**ASSIGNMENT:** Reproduce exactly, and solely, the lines running from the top of the data below through the line with "A statue of", both inclusive. Omit pictures.

**STORED DATA:**
------------------------------------------------------------
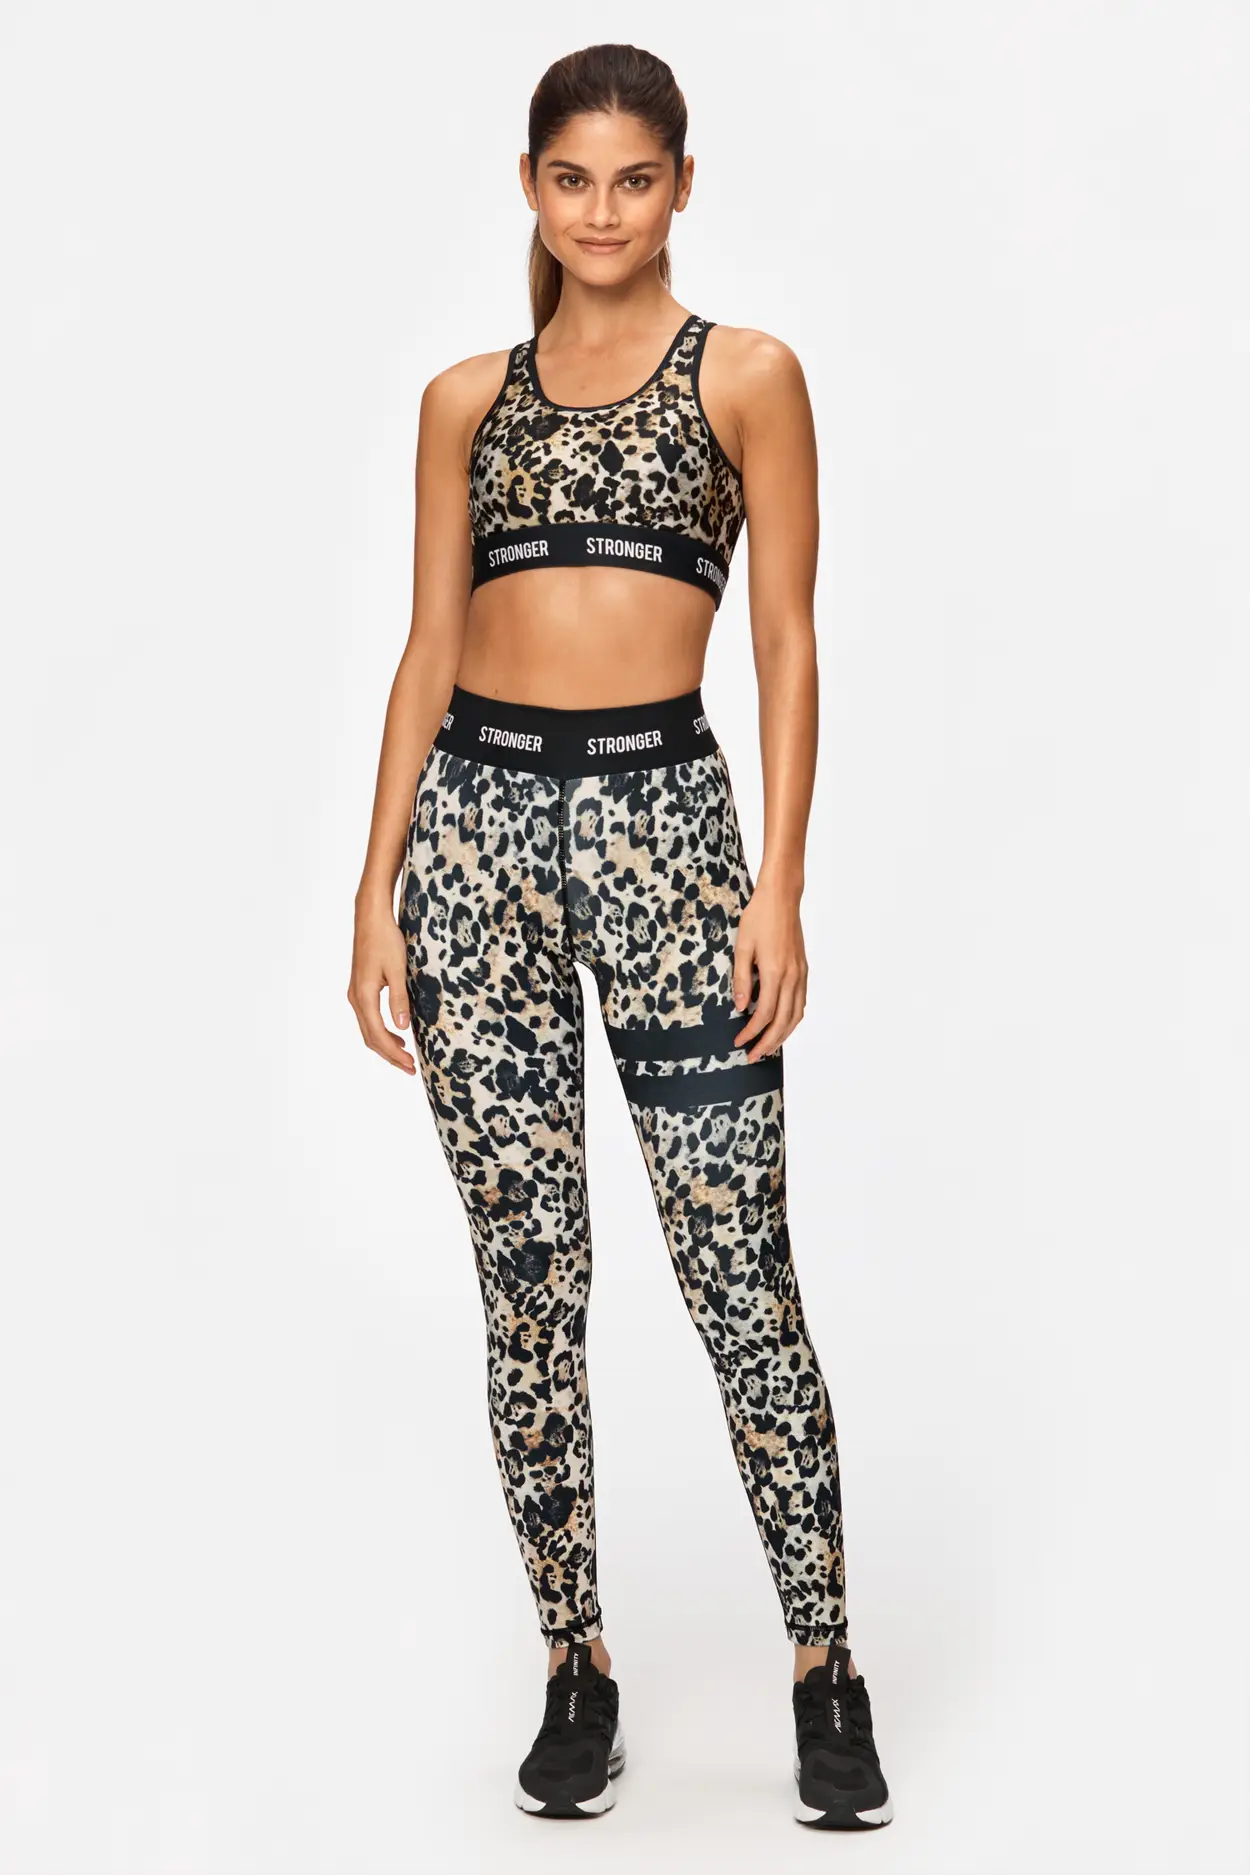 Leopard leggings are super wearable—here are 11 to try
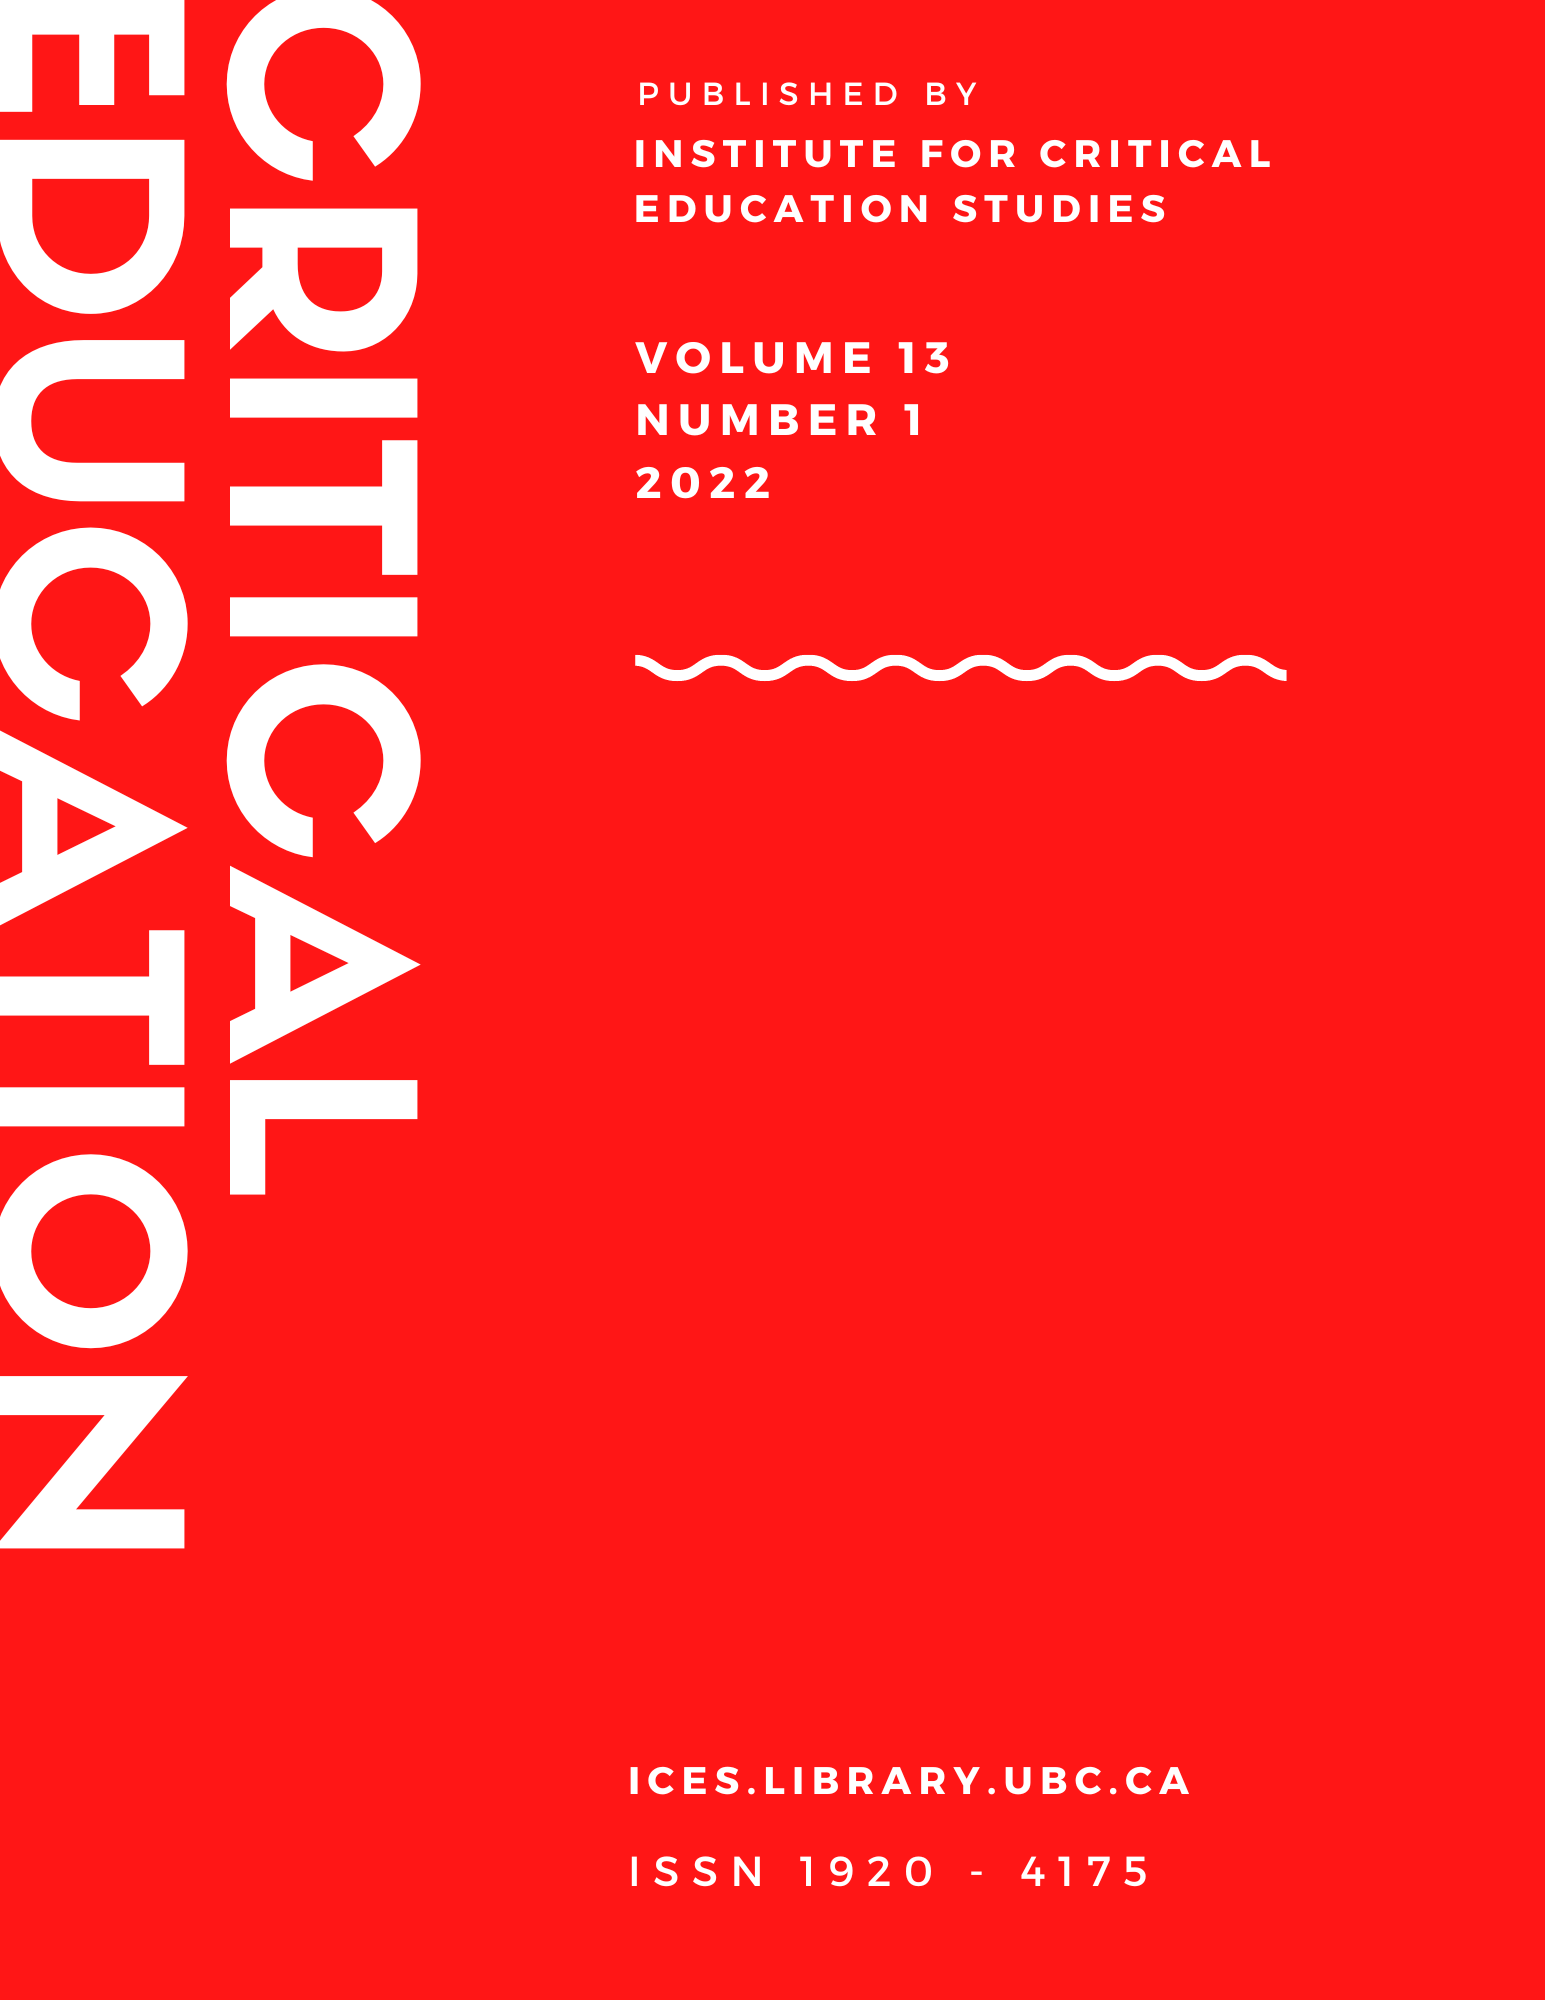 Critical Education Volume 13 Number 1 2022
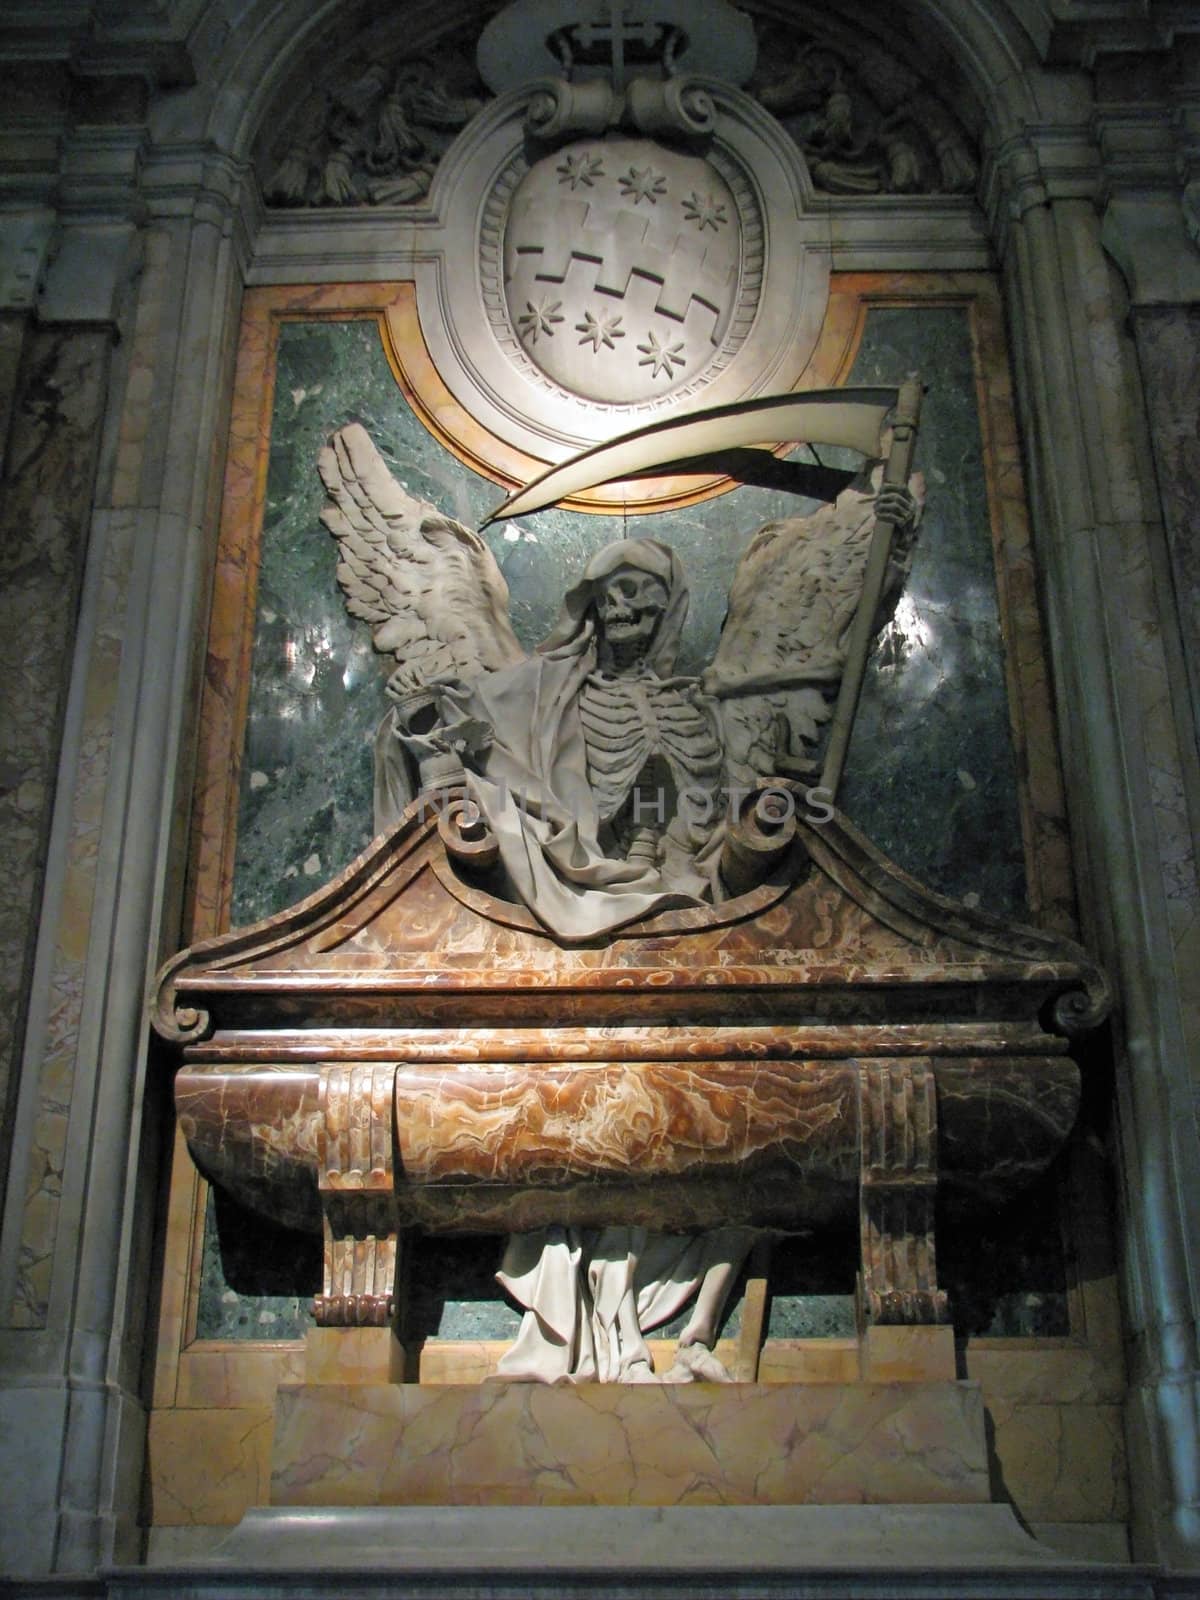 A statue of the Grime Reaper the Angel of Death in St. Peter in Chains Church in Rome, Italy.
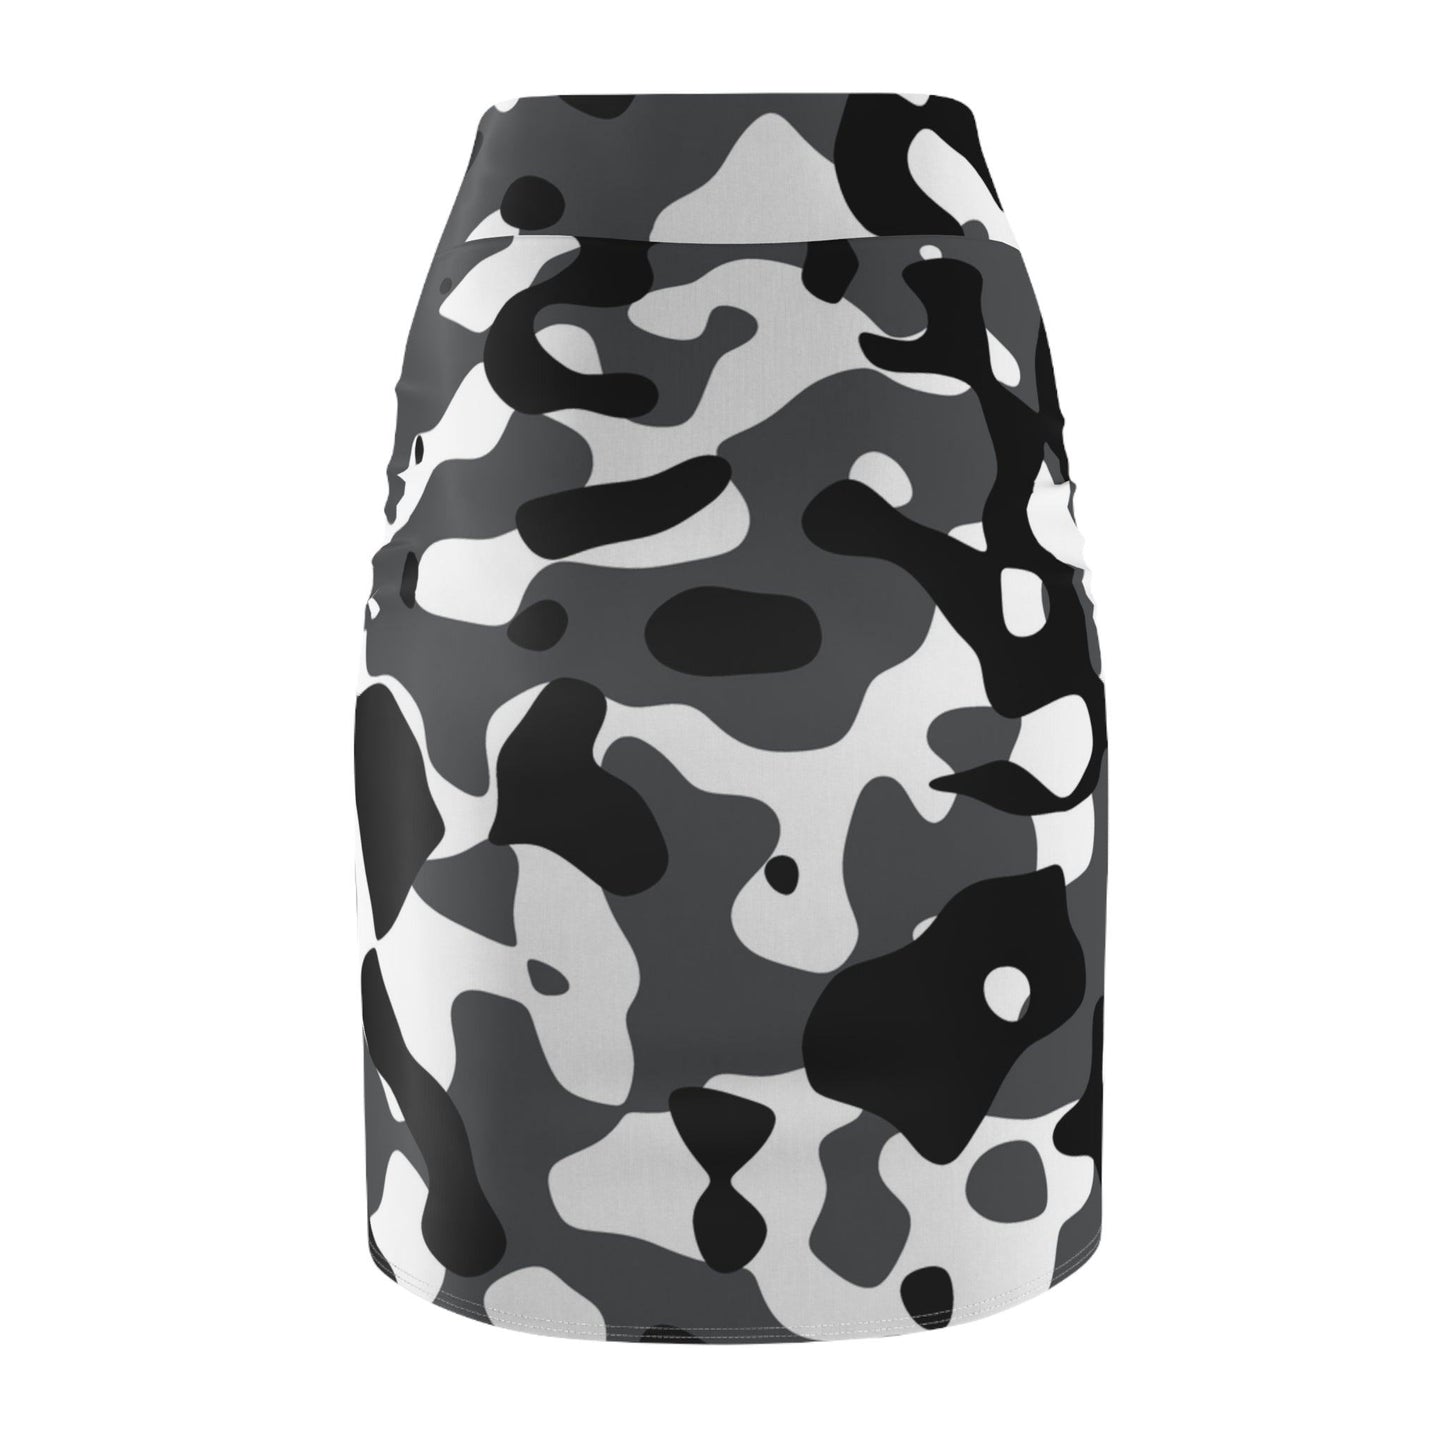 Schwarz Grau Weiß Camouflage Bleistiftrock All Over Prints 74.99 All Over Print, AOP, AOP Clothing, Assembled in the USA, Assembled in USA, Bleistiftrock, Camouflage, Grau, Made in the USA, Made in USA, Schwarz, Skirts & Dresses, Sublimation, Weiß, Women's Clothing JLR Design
------------------------------------------------------------
**REPLY:**
 Leopard leggings are super wearable—here are 11 to try
 Critical Education Volume 13 Number 1 2022
 A statue of the Grime Reaper the Angel of Death in St. Peter in Chains Church in Rome, Italy.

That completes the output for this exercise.